Protein expression of Mx1, STAT1 and IFITM1 proteins using western blotting
Protein expression levels of MX1, STAT1 and IFTIM1 were determined in THP1 cells treated with 1% Echinaforce® or ethanol solvent control for 48 hours, as explained before. Then, cells were washed and incubated 15 minutes on ice in lysis buffer containing: 150mM NaCl, 1mM EGTA, 1mM EDTA, 1mM ß-glycerolphosphate, 1% Triton X-100 (w/v), 20mM Tris HCl, pH = 7.5 and proteinase inhibitor (cOmplete™, EDTA-free Protease Inhibitor Cocktail, Sigma-Aldrich, USA) plus PhosphataseArrest™ Phosphatase Inhibitor Cocktail (phosphataseArrest™, G-Biosciences, USA). Cells were subsequently centrifuged for 15 minutes at 200g at 4°C and supernatant containing the soluble proteins were stored at -20°C until use. Protein lysates (20 µg) were mixed with 5X sample buffer (5% SDS, 20 % glycerol, 0.2 % bromophenol-blue, 250 mM DTT, 65 mM Tris HCl) all purchased from Sigma Aldrich (Missouri, USA), heated for 5 minutes at 95°C and loaded in a 12% SDS-PAGE gel. Proteins contained in the homogenates were separated during 30 minutes at 60-70V and 1 hour at a constant voltage of 130V. Further, 10 ml of BenchMark™ Pre-Stained Protein Standard (Life Technologies, CA, USA) was also loaded next to the samples. After separation proteins ttransferred onto a Nitrocellulose Membrane (BioRad, CA, USA) during 2 hours at 45 V. Non-specific binding sites were blocked by incubating the membranes with blocking buffer (0.05 % Tween 20, 1x TBS, 5% BSA) for 1 hour at room temperature. The membrane was then incubated with the primary antibodies: MX1 (D3W7I) Rabbit mAb #37849, IFITM1 Antibody Rabbit pAb #13126 and the STAT1 (42H3) Rabbit mAb #9175 (all purchased from Cell Signaling Technology, Massachusetts, USA) or rabbit polyclonal Anti-GAPDH antibody (ab9485, Abcam, Cambridge, UK) overnight at 4°C. After membranes were washed, they were incubated with (1:10000) Donkey anti-Rabbit IgG (H+L) Secondary Antibody-HRP (Thermo Fisher Scientific, Massachusetts, USA) for one hour at room temperature. Chemiluminiscence detection was performed using the ECL detection kit (Pierce™ ECL Western Blotting Substrate (Thermo Fisher Scientific, Massachusetts, USA) in a ChemiDoc MP system (BioRad, CA, USA).

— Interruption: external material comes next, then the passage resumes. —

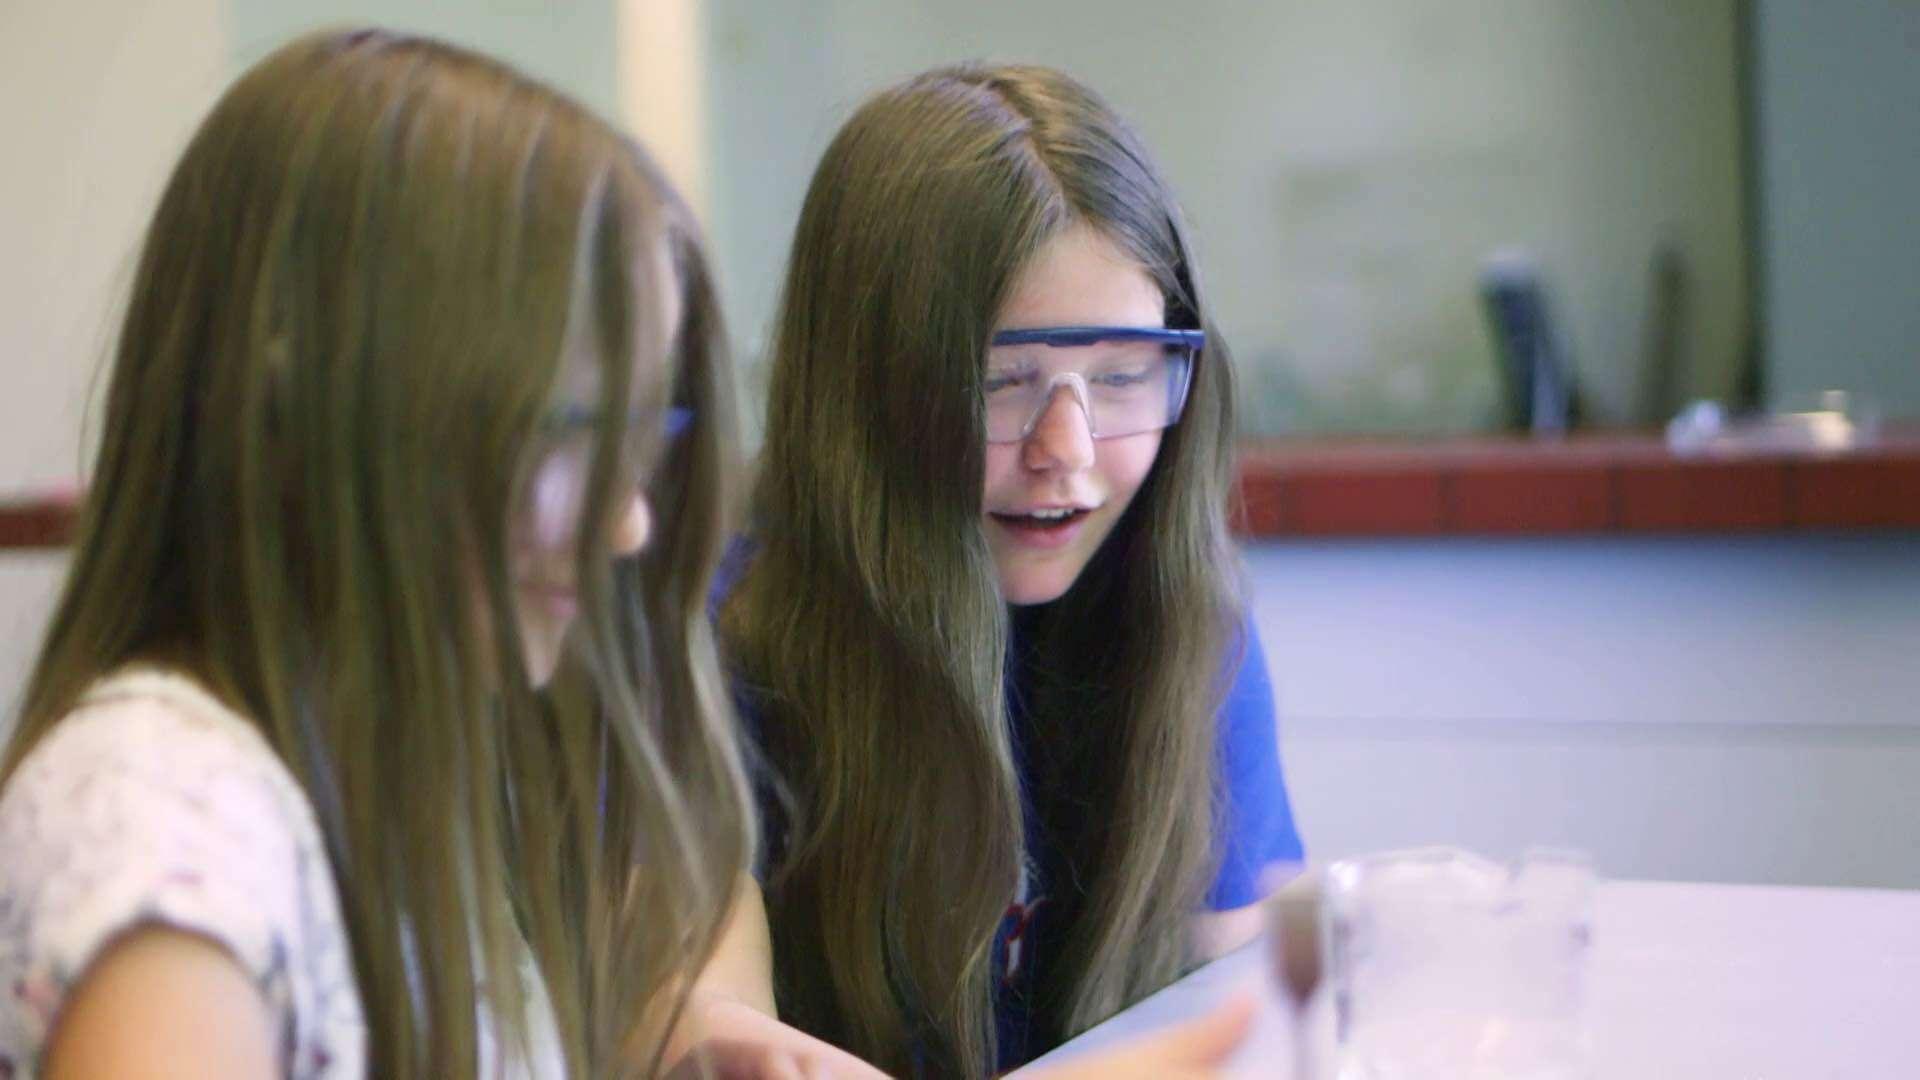 Zwei braunhaarige Mädchen sitzen mit Schutzbrillen in der Schule und machen ein Experiment

Assessment of IL-8 and CXCL10 levels
Cell culture supernatants were collected after 3, 6, 12, 24 and 48 hours and assayed for chemokines CXCL10 and IL8 by means of an enzyme-linked immunosorbent assay (ELISA) purchased from Invitrogen (CA, USA) following manufacturer’s instructions. The assays have a detection limit of 2pg/ml for CXCL10 and 5 pg/mL for IL-8.